Os dados podem ser produzidos por várias fontes e em diversos formatos e são transformados em valor pelas plataformas que os detêm. Adicionalmente, com a crescente utilização da Internet de banda larga, o acesso a telemóveis, o e-commerce e as redes sociais impulsionam voluntariamente o suprimento de dados pelos próprios utilizadores que, ao acederem e trabalharem com plataformas, acabam por divulgar, cada vez com mais intensidade as suas informações pessoais.

O valor dos dados está associado ao processo de análise dos dados, conhecido como big data analytics. Através desta ferramenta podem ser identificados os padrões, as preferências e tendências e as mais diversas informações utilizáveis pelas empresas que operam em mercados digitais. Note-se, porém, que os dados, por si só, não são capazes de influenciar decisões, sendo imprescindível que sejam submetidas a análises e filtros para que possam gerar valor para as plataformas que os aproveitam.

É importante, neste sentido, a proteção dos dados pessoais nos mercados digitais, matéria que está sob o foco do direito de concorrência. O regulamento geral sobre a proteção dos dados adota um conceito amplo de dados pessoais, ao considerar, nesta tipologia, as informações associadas a determinadas pessoas, não apenas ao seu nome, mas também outras informações e atributos relevantes que viabilizem a sua entidade. Com efeito, o n.º 26 do Regulamento Geral de Proteção de Dados (EU 2016/679 ), refere que “os dados padronizados, que possam ser atribuídos a uma pessoa singular mediante a utilização de informações suplementares, deverão ser considerados informações sobre uma pessoa singular identificável”.

Consequentemente, um dos principais objetivos do regulamento é assegurar que os dados sejam anonimizados, o que significa impossibilidade da identificação do sujeito, embora, em termos pragmáticos, seja muito difícil assegurar aquele atributo.
No âmbito concorrencial, a relevância da prestação de dados pessoais decorre do facto de as plataformas digitais utilizem as informações dos seus utilizadores como input, o que outorga a identificação dos padrões de compras e dos seus interesses. Neste contexto, as informações não são anónimas, dado serem os próprios utilizadores que, assertivamente, as disponibilizam. Efetivamente, é por meio da utilização dos dados pessoais que as plataformas digitais conseguem obter informações precisas dos consumidores, criando, deste modo, produtos adequados aos seus interesses.
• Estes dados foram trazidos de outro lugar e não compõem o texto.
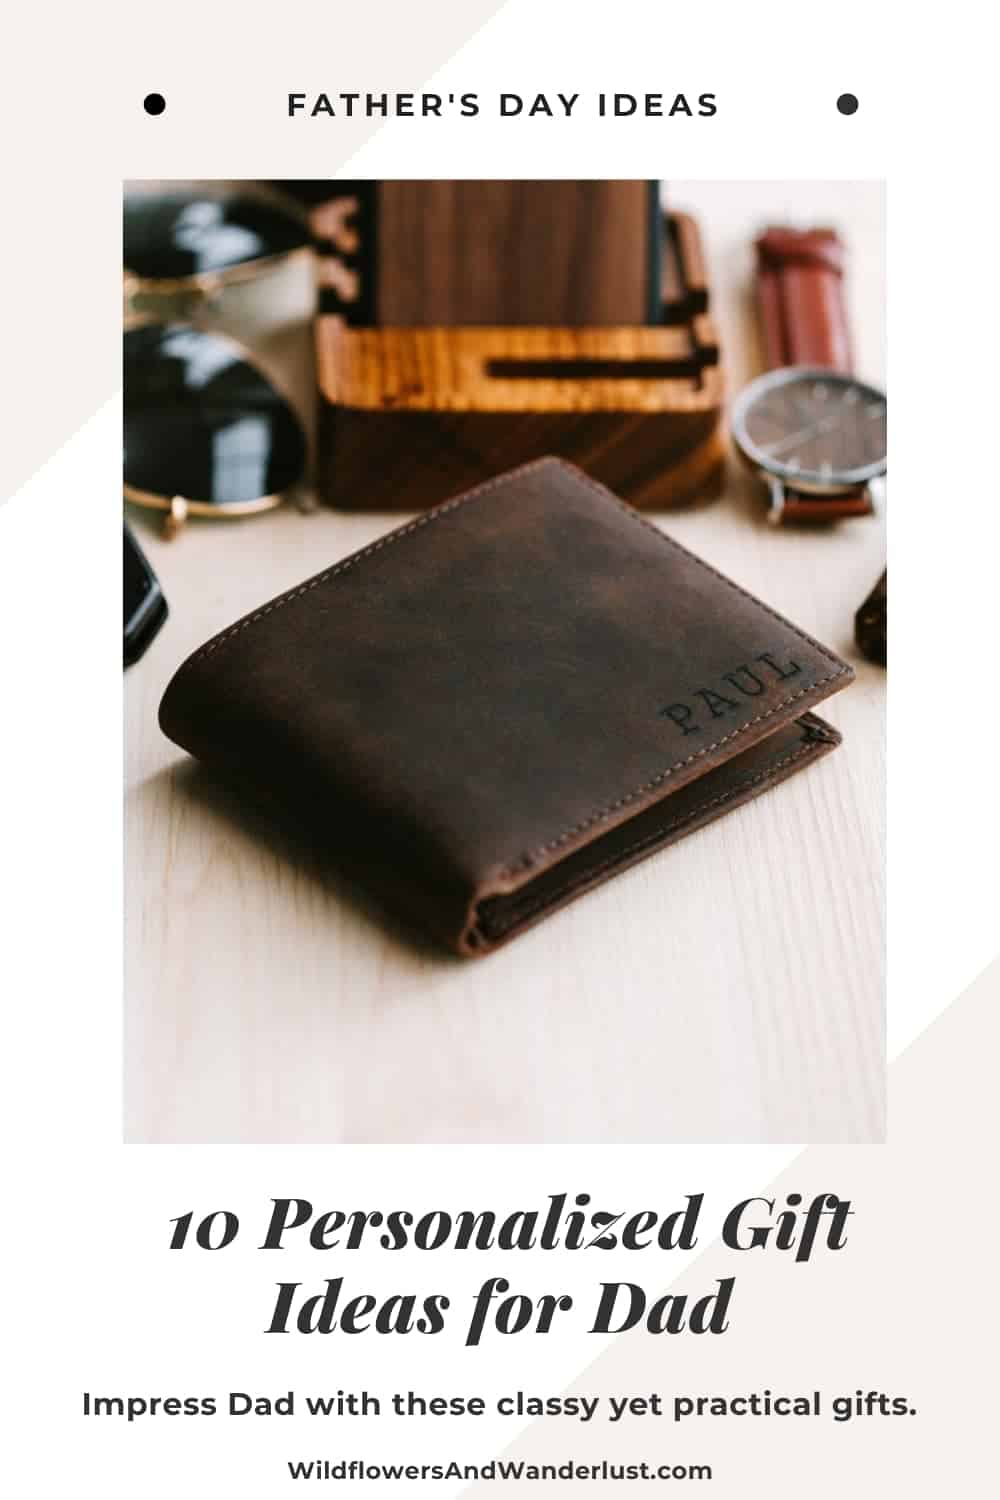 Here's a great list of personalized Father's Day gifts that are all under $50 and all super practical.  WildflowersAndWanderlust.com

No entanto, a utilização dos dados pessoais é limitada às grandes plataformas existentes nos mercados digitais, pois, como se sabe, a identificação dos utilizadores ocorre no momento em que os próprios se apresentam, seja por abertura de conta ou pela aceitação de cookies. Adicionalmente, os efeitos da rede promovem um elevado número de utilizadores que, por sua vez, impulsionam a expansão do enorme volume de dados que as plataformas já possuem. É, assim, indispensável uma maior proteção dos dados pessoais dos utilizadores, tendo em consideração que, apesar de haver mais informação disponível, esta está cada vez mais limitada a poucos concorrentes no mercado, ou seja, as vantagens competitivas estão circunscritas às empresas dominantes nos mercados digitais. Melhor dizendo, a sociedade depara-se com uma nova economia com múltiplos serviços gratuitos, e que utiliza dados os pessoais como matéria-prima, o que necessariamente desafia o direito da concorrência.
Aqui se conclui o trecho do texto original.